Estreado mês e meio antes do 25 de Abril, foi completamente superado e
desactualizado pela revolução. Tudo o que era uma evidência no dia 24 deixou de o
ser no dia 26 – sobretudo vice-versa; os “vencidos da vida” em 24 acordaram em
26 com as portas do poder abertas graças a uma vitória que lhes caiu no regaço.
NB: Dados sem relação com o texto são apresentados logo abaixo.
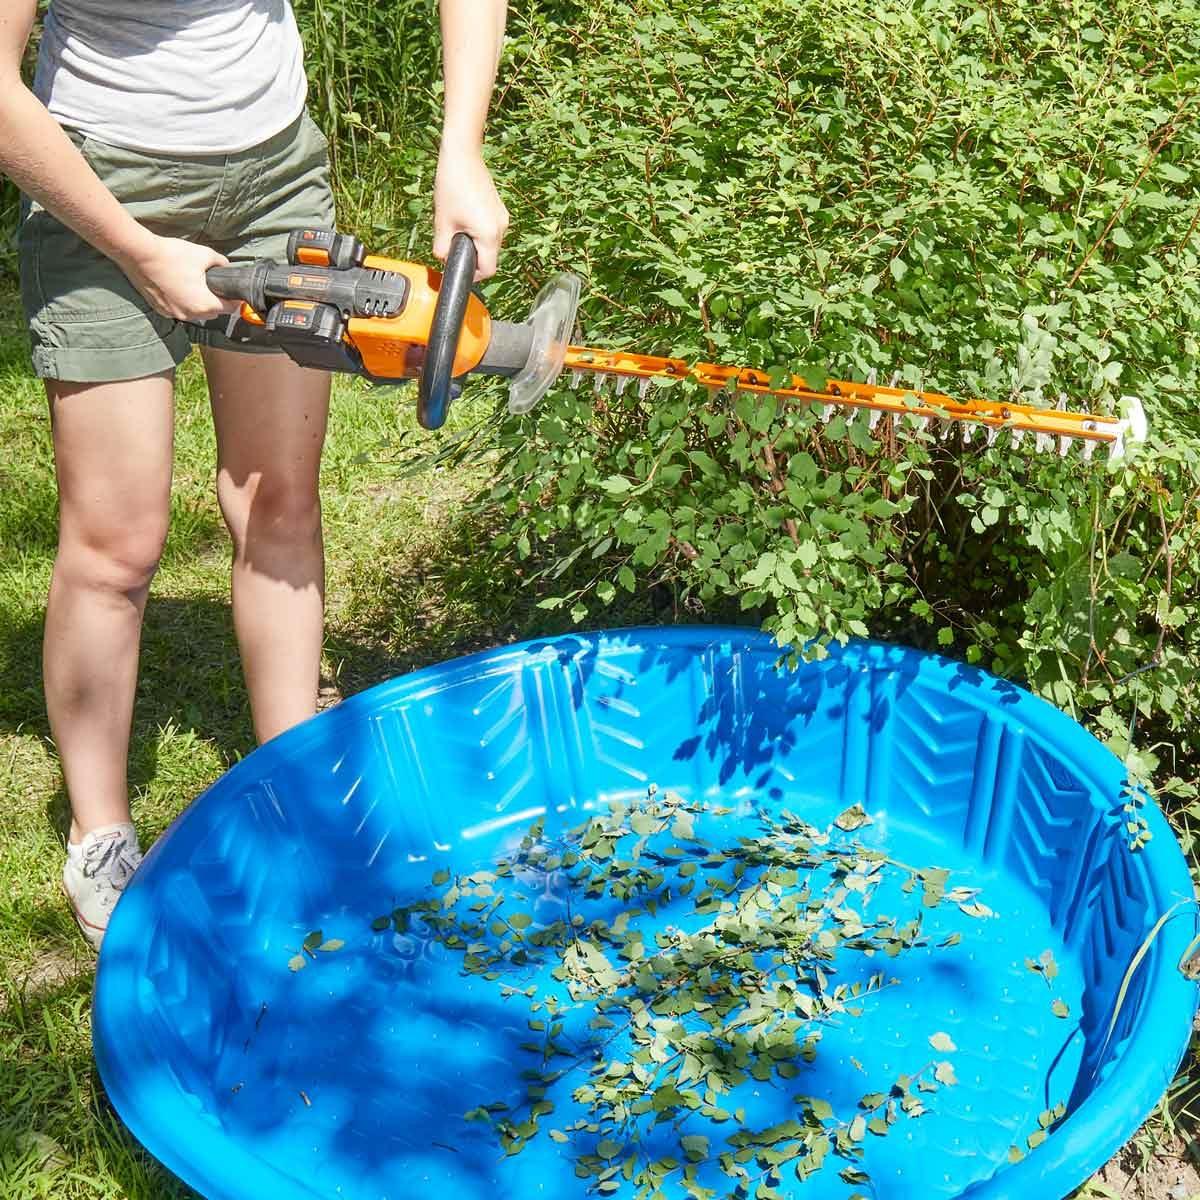 HH kiddie pool bush clippings

A inevitabilidade do 25 de Abril só foi evidente depois de ele ter sido
inesperadamente feito por quem menos se previa (a redundância é, neste caso,
apropriada).
“Meus amigos”
tem sofrido de uma discrição e de um esquecimento de todo imerecido (há de ser
exibido brevemente na Cinemateca em belíssima cópia restaurada). Os seus
méritos cinematográficos são muito curtos, mas a forma como se expõe é rara,
sobretudo no Portugal contido, previsto e cauteloso da época. Sim, será uma
heresia, mas “Meus amigos” é, na riqueza de entrelinhas e na aspereza do
entrevisto, comparável a “Sarilhos de fraldas”.
O filme é longo mas
cada vez menos penoso, para quem o foi revendo ao longo destes anos, em que se
foi distanciando do seu tempo. Cunha Telles claramente encantara-se com “L’Amour
fou” (1969) o film fleuve de Rivette,
em que as personagens deambulam e interagem sujeitas aos azares do momento, a
partir de meia dúzia de indicações e de escassas linhas de diálogo; a câmara anda
atrás delas e a montagem, acometida pelo pudor, limita-se pouco mais do que a
juntar estas sequências, num tempo longo e vagaroso.
Assim é “Meus
amigos” nos seus 140 minutos de duração. Três colegas (amigos?) da Faculdade,
da geração de 62, encontram-se e desencontram-se, conversam e embirram; ou
seja, a famosa geração chegava à idade madura, os 30 anos, e tinha as portas
fechadas, a consciência torturado e a vida por resolver – e é isto o argumento.
À primeira vista
o filme é um desconchavo. A mise-en-scène
é rudimentar, quase sempre à volta de uma mesa, ou em exteriores pouco mais que
paisagísticos, com uma notável exceção no Cais do Sodré em que a cena mais
ousada do filme (um beijo muito esfregado) é filmada no meio de mirones. As
sequências (raras têm movimentos de câmara) terminam quando acaba o rolo de
filme na máquina, o que é muito patente nas mudanças de bobine na projeção.
Mas há postas
suculentas:
Os diálogos são
digressivas improvisações, por vezes penosas, a partir de um texto molecular e esboçado.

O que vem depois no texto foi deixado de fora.